Department of Statistics, Ohio State University, Columbus, OH, USA.
Department of Biostatistics, Harvard University, Boston, MA, USA.
Stat Med. 2018 Jul 20;37(16):2501-2515. doi: 10.1002/sim.7681. Epub 2018 Apr 17.
Attempts to predict prognosis in cancer patients using high-dimensional genomic data such as gene expression in tumor tissue can be made difficult by the large number of features and the potential complexity of the relationship between features and the outcome. Integrating prior biological knowledge into risk prediction with such data by grouping genomic features into pathways and networks reduces the dimensionality of the problem and could improve prediction accuracy. Additionally, such knowledge-based models may be more biologically grounded and interpretable. Prediction could potentially be further improved by allowing for complex nonlinear pathway effects. The kernel machine framework has been proposed as an effective approach for modeling the nonlinear and interactive effects of genes in pathways for both censored and noncensored outcomes. When multiple pathways are under consideration, one may efficiently select informative pathways and aggregate their signals via multiple kernel learning (MKL), which has been proposed for prediction of noncensored outcomes. In this paper, we propose MKL methods for censored survival outcomes. We derive our approach for a general survival modeling framework with a convex objective function and illustrate its application under the Cox proportional hazards and semiparametric accelerated failure time models. Numerical studies demonstrate that the proposed MKL-based prediction methods work well in finite sample and can potentially outperform models constructed assuming linear effects or ignoring the group knowledge. The methods are illustrated with an application to 2 cancer data sets.

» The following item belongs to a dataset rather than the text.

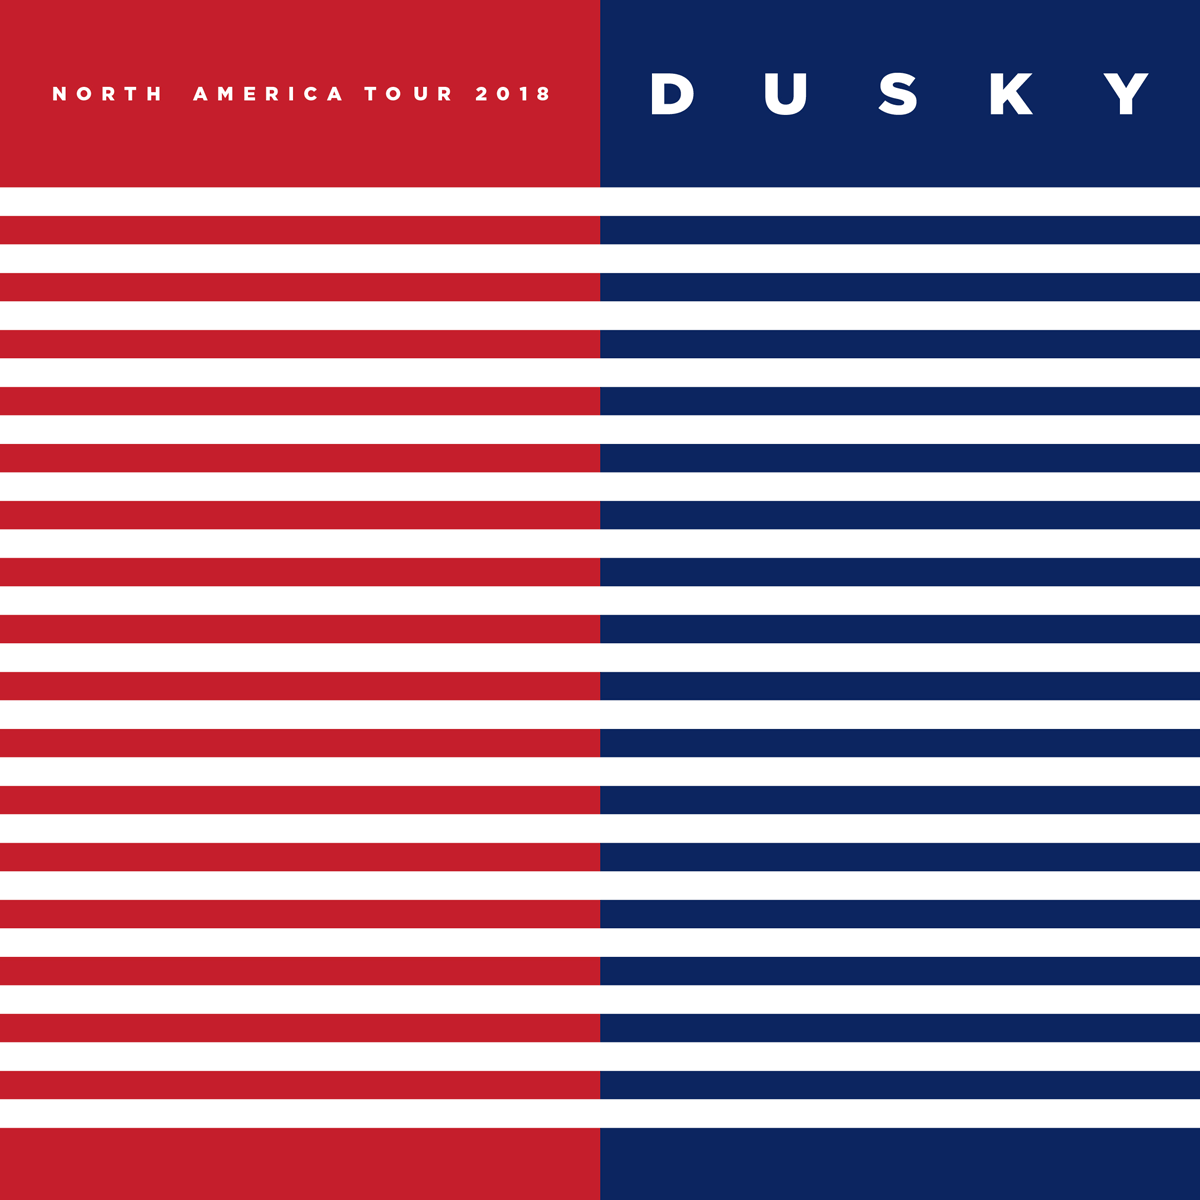 Branding for Dusky, US Tour 2018 by UTILE

试图使用肿瘤组织中的基因表达等高维基因组数据来预测癌症患者的预后,可能会受到特征数量庞大以及特征与结果之间关系的潜在复杂性的影响。通过将基因组特征分组为途径和网络,将先验生物学知识整合到此类数据的风险预测中,可以降低问题的维度,并提高预测准确性。此外,基于知识的此类模型可能更具有生物学基础且可解释。通过允许复杂的非线性途径效应,预测的准确性可能会进一步提高。核机器框架已被提议作为用于建模途径中基因的非线性和交互效应的有效方法,适用于已删失和未删失的结果。当考虑多个途径时,可以通过多核学习(MKL)有效地选择信息途径并聚合其信号,已提议用于未删失结果的预测。在本文中,我们提出了用于删失生存结果的 MKL 方法。我们为具有凸目标函数的一般生存建模框架推导了我们的方法,并说明了在 Cox 比例风险和半参数加速失效时间模型下的应用。数值研究表明,所提出的基于 MKL 的预测方法在有限样本中表现良好,并且在假设线性效应或忽略组知识的情况下,有潜力胜过模型。该方法通过对 2 个癌症数据集的应用进行了说明。